Friday, September 30, 2011

2011 Ig Nobel Prizes Awarded at Harvard -- From Structured Procrastination to Why You Should Use the Bathroom to the Wasabi Alarm

The Ig Nobel Prizes have been awarded annually at Harvard for 21 years. They are given out shortly before the Nobel prizes are awarded in Stockholm, Sweden. They are given out by actual Nobel prize winners.

The research that the Ig Nobels recognize makes you laugh and think and then laugh again.

This year's awards were announced at ceremonies last night in Cambridge and they made me laugh out loud so I think that you will enjoy them too.

There are several with a transportation theme and one on mathematics.

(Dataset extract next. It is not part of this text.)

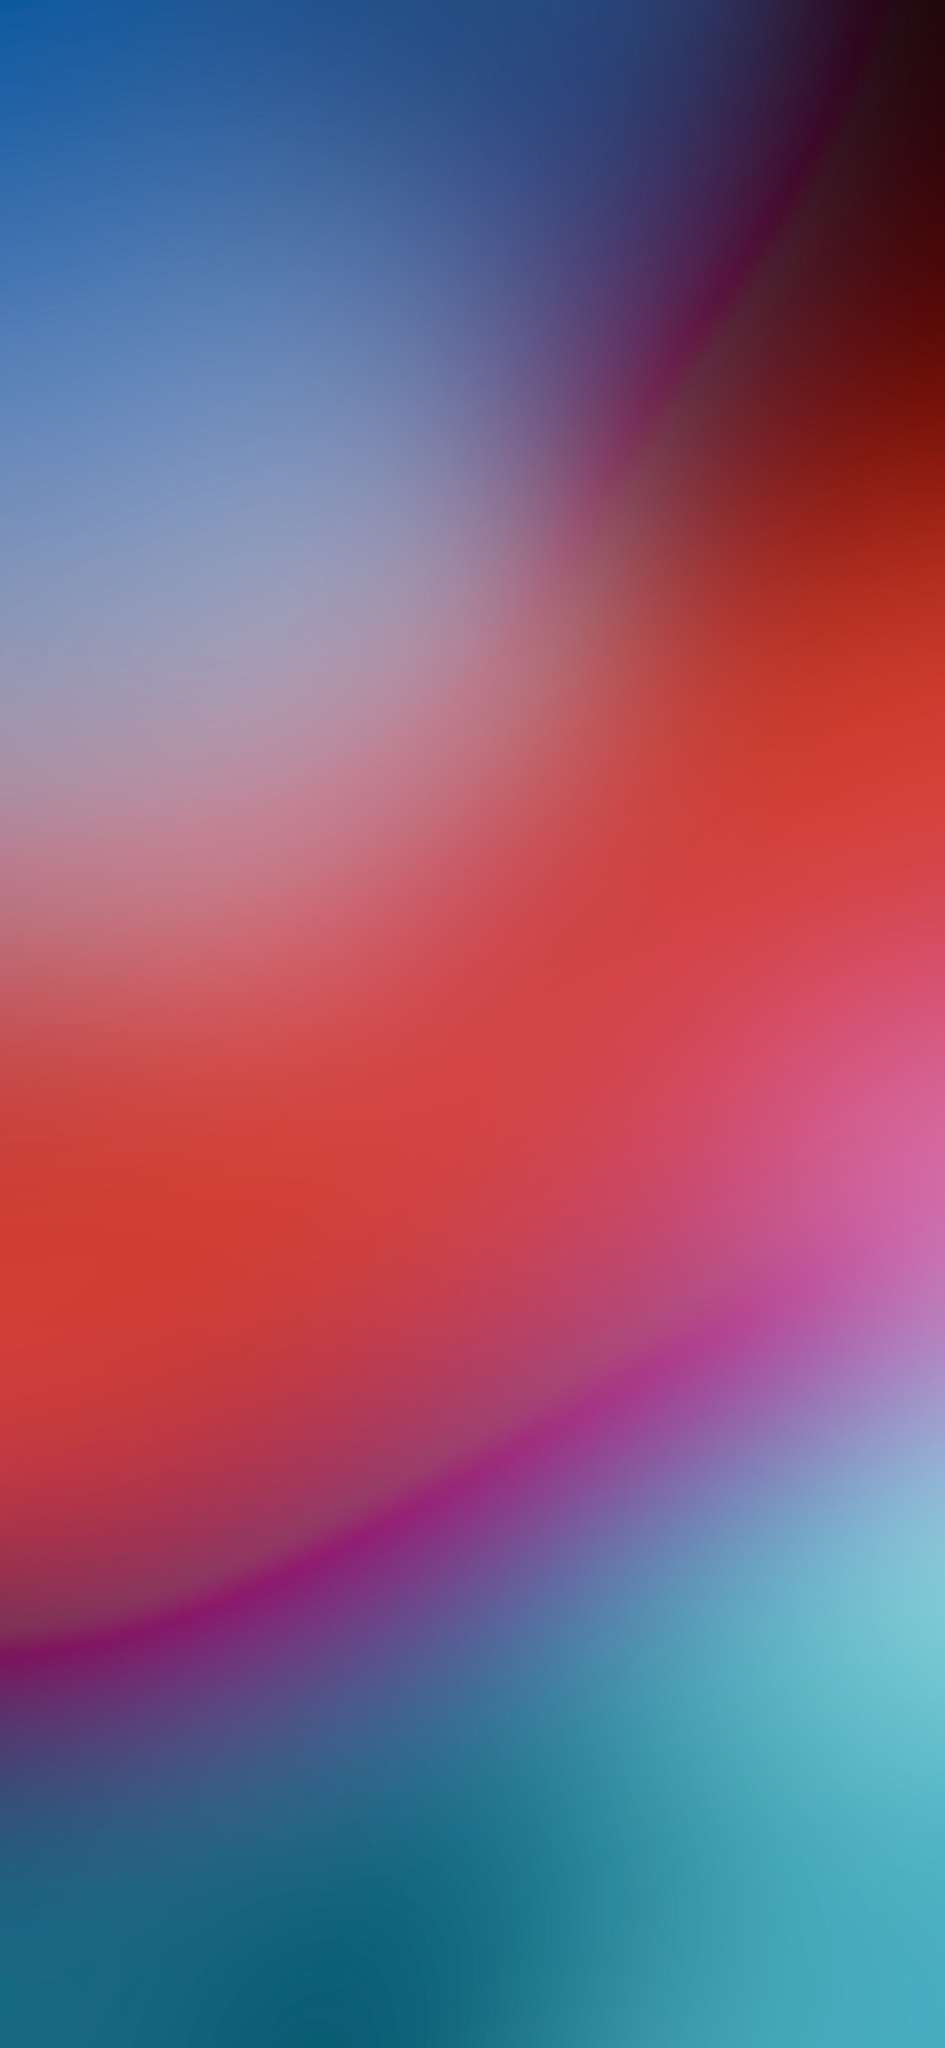 ios 12 blur wallpaper HD   Album on Imgur 945x2048

Some of my favorites: the Ig Nobel for structured procrastination; for the wasabi (the horseradish that you eat with your sushi) alarm to wake up solid sleepers; for teaching humankind to be careful when making mathematical assumptions and calculations; for conducting a series of safety experiments in which a person drives an automobile on a major highway while a visor repeatedly flaps down over his face, momentarily blinding him; for research on discus throwers getting dizzy, and perhaps the funniest: for research and separate papers demonstrating that people make better decisions about some kinds of things, but worse decisions about other kinds of things, when they have to go to the bathroom.

The Chronicle of Higher Education has a full list of recipients along with links to their scientific articles. The procrastination essay first appeared in The Chronicle in 1996 and, as appropriate, it took a decade and a half to be recognized.